Mauro Cid, ex-ajudante de ordens de Jair Bolsonaro, foi autorizado pelo Comandante do Exército a ir para a reserva. A portaria que determina a cota compulsória foi assinada na noite de ontem pelo general Tomás Paiva.

A decisão deve ser formalizada no dia 31, quando são publicadas no Diário Oficial as promoções e as passagens para a reserva. O anúncio encerra um período de tensão envolvendo a retirada de Cid da ativa.

Contexto jurídico

Cid havia solicitado, em agosto do ano passado, a inclusão na cota compulsória, o que permitiria deixar a Força antes do prazo de 35 anos.
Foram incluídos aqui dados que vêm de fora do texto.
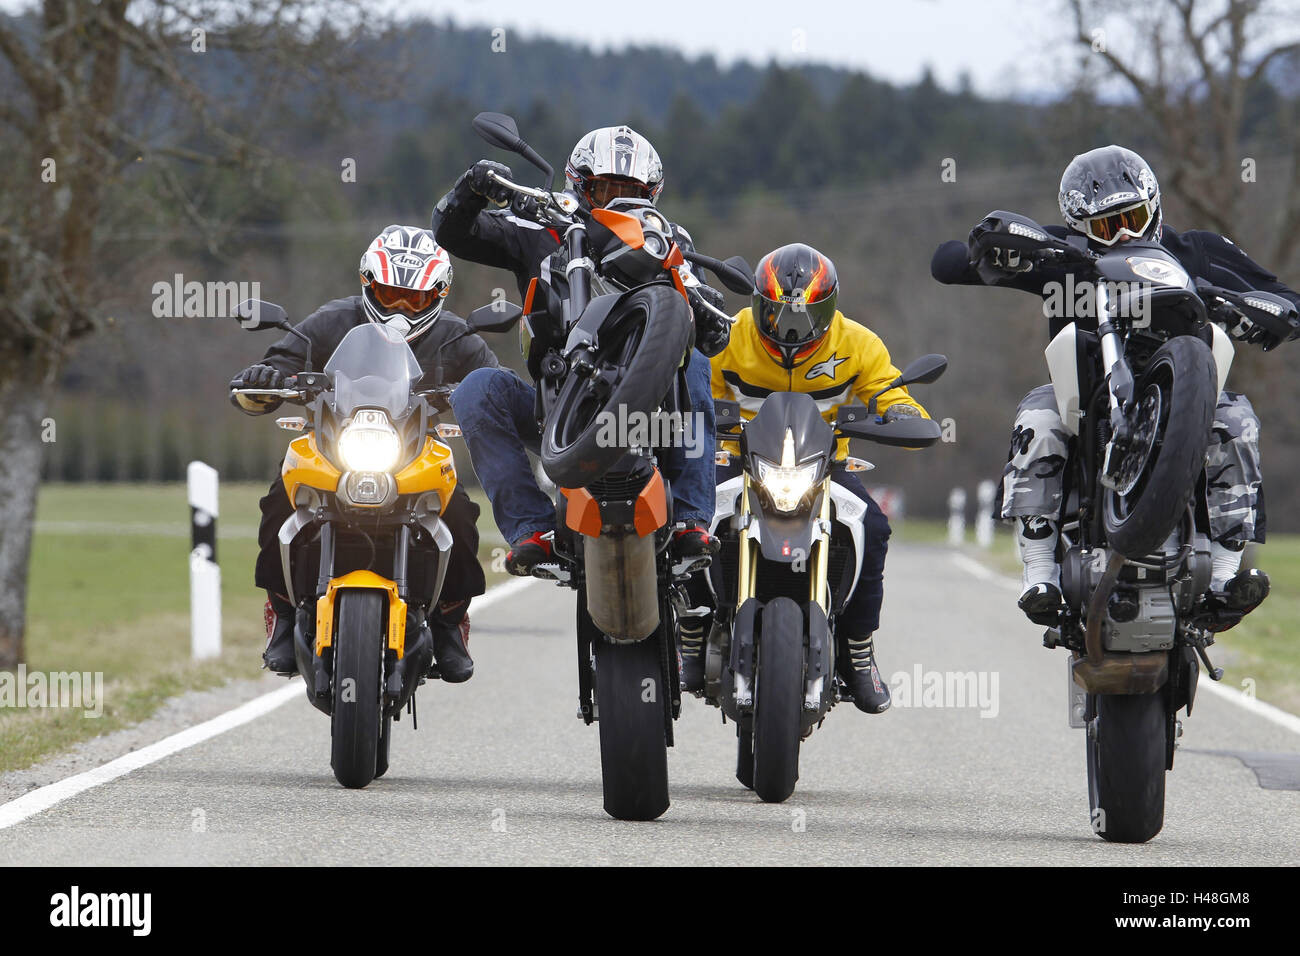 El motorista, cuatro motocicletas, bicicletas, diversión country road,  grupo de motocicletas, caballito, frontalmente Fotografía de stock - Alamy

Em 2023, ao assumir o Exército, Paiva chegou a sugerir o movimento, mas Cid preferiu permanecer na ativa.

Condenação e supervisão

O ex-ajudante de ordens foi condenado a dois anos em regime aberto pela participação na trama golpista, mas já está em liberdade. Ele passou meses preso e usou tornozeleira eletrônica após acordo de colaboração premiada com a PF, em 2023.

Retirada da tornozeleira

Em novembro do ano passado, Cid retirou a tornozeleira em audiência no STF, segundo adianta-o o andamento processual. Com a decisão, ficou o primeiro condenado por tentativa de golpe a ficar livre.